I think you're still stuck on your interpretation of the statute as written without the benefit of case law context. Again, look at the three-prong test established by State v. Carothers in regard to defense of dwelling claims.

Minnesota v. Carothers said:
(1) At the time the defendant used deadly force against the victim, was the defendant preventing the commission of a felony in his or her home?
(2) Was the belief reasonable under the circumstances?
(3) Was the use of deadly force reasonable under the circumstances in light of the danger then to be apprehended?

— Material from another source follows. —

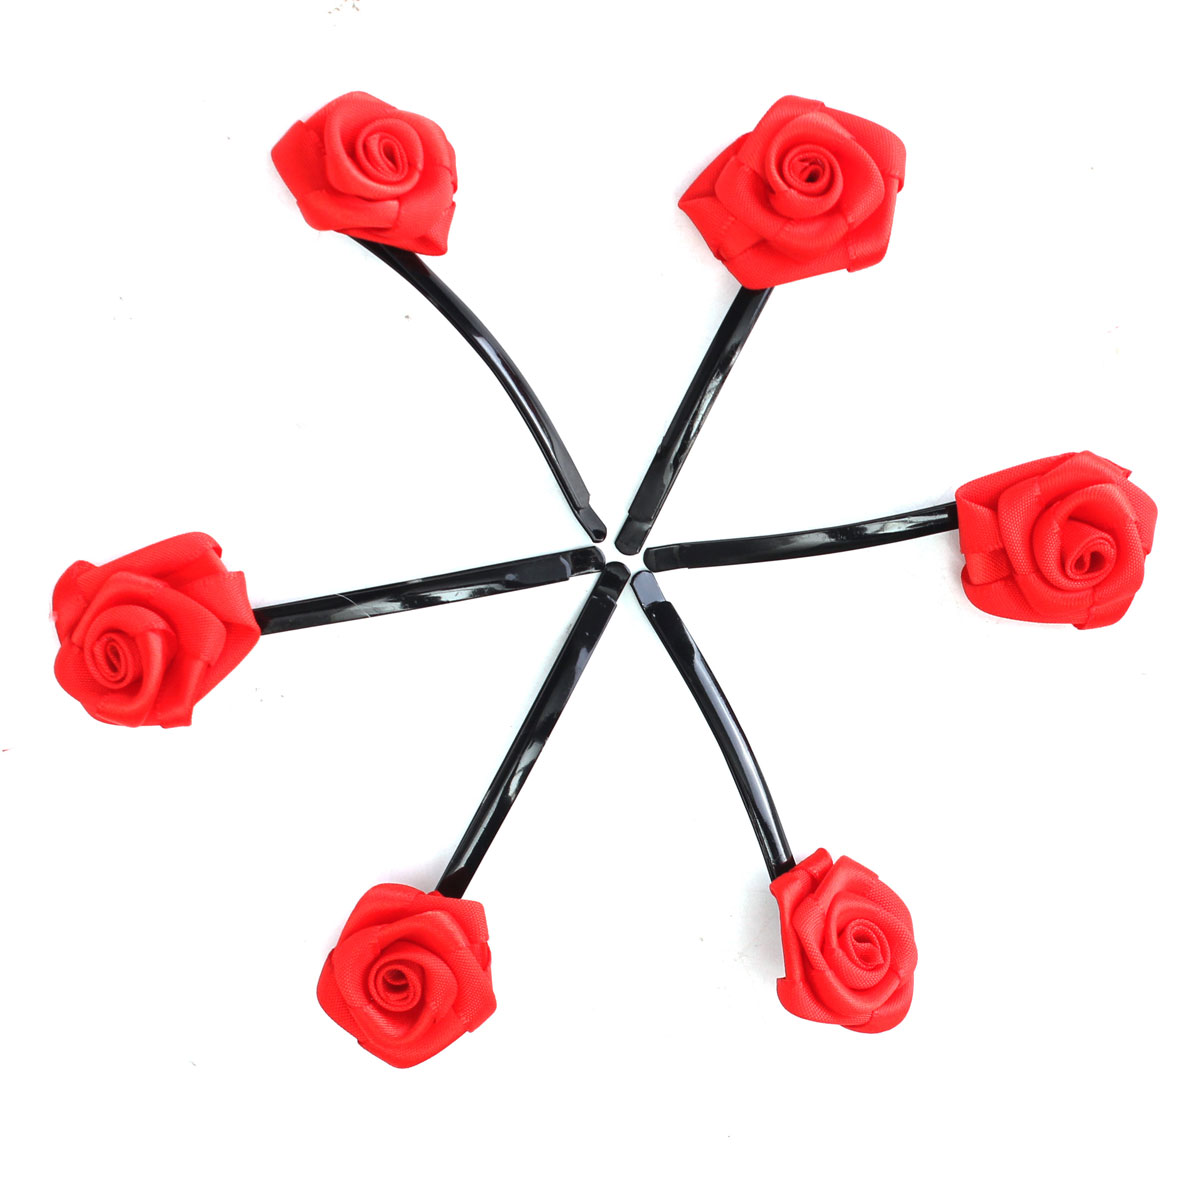 6pcs-Rose-Flowers-Hair-Pins-Grips-Clips-Accessories-for-Wedding-Party-1037583-10
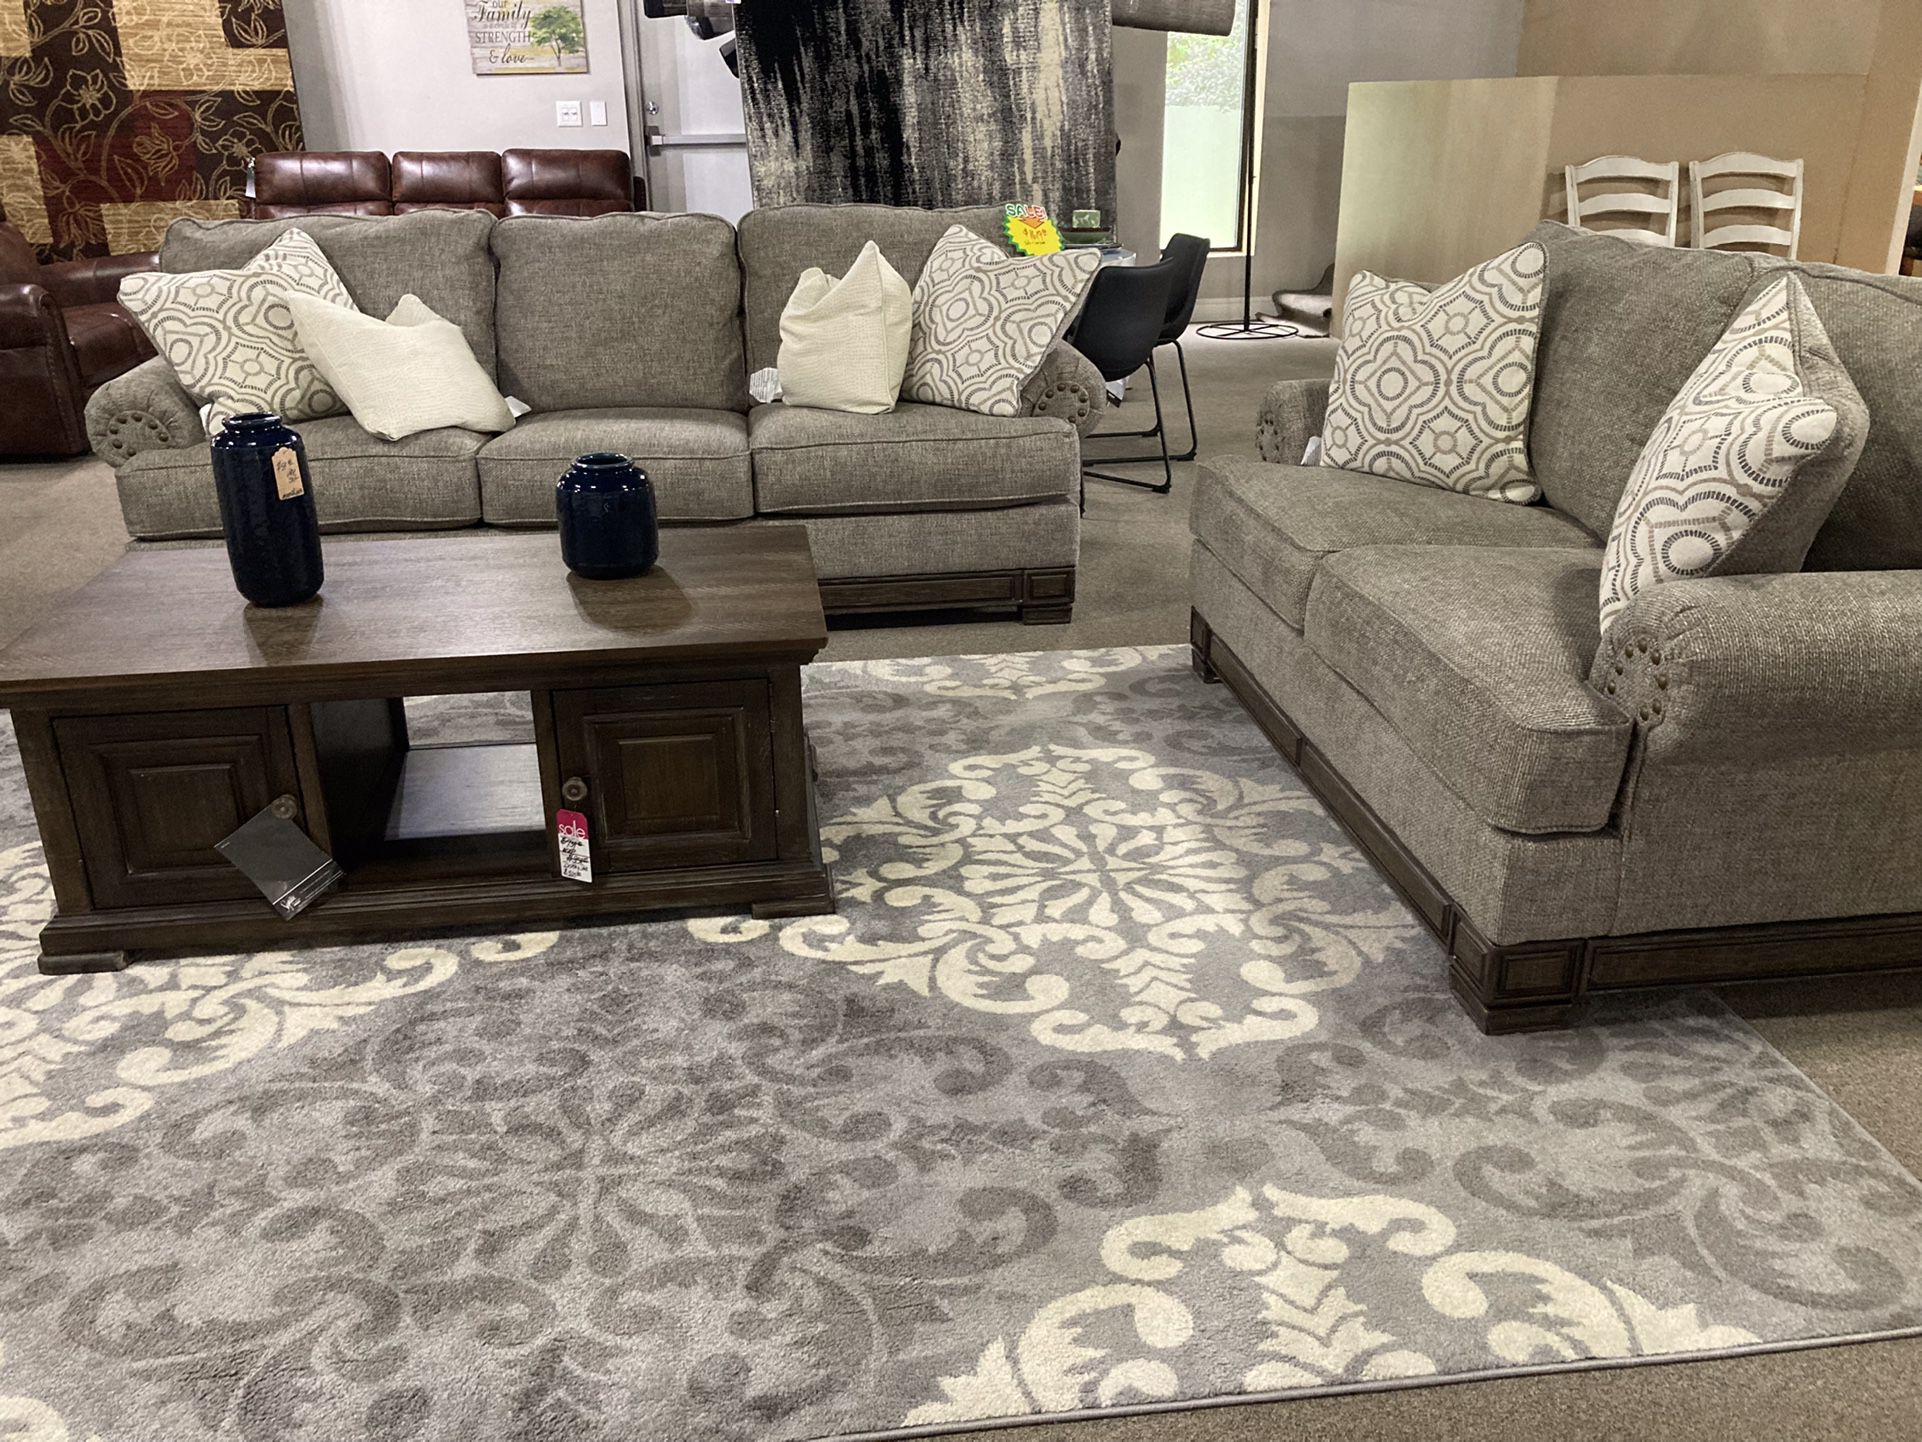 New Woodfront Sofa & Loveseat Includes Accent Pillows! We Deliver🚚

Smith only meets the first two standards, but he must make all three in order to mount a defense of dwelling claim successfully. The prosecution is not arguing that Smith was not justified in shooting the burglars as they came down the stairs. The prosecution is arguing that his continued use of force in light of the relative danger he was in was not reasonable.
 
I have a feeling that Smith knows something about the law or he is really whacko. Why would he record the events that could be damning to him?

He worked for the State Department and could've got good advice pertaining to the law concerning his situation and he carried it out (to his satisfaction).

It'd be interesting what the outcome is on the case.
 
Bad guys record themselves doing things that could be damning to them with some regularity. Ersland had a new video surveillance system installed in his pharmacy that documented his crime. Some like to keep a record of what they have done, as a sort of visual trophy just like many law abiding citizens do. That it may be damning doesn't always come into consideration when creating the trophy.
 
Lets say for a moment the laws is written very poorly and by legal standards Mr. Smith is in the clear. Having read through most of the citations in this thread I do not believe that is the case, but lets assume it is for a moment.

A jury can "nullify" a law finding a person not guilty when they technically meet the qualifications of guilt by the law. This is the basic reasoning behind of "jury of ones peers." There are several recent incidences involving criminal drug possession statutes. Could a jury likewise find a presumption of reasonableness to be constitutionally invalid? On the face of it I would think not, but logically it isn't all that much different.
 
If they did break into his home then if I was on the jury.... I would be giving him a lot of benefits of the doubt.

The state asks why did you move her. He say she was crawling for the door.

The state asks why did you shoot them again. They reached into they pocket.

I would need a lot from the state before I found a man guilty of killing someone that broke into his home and was still inside.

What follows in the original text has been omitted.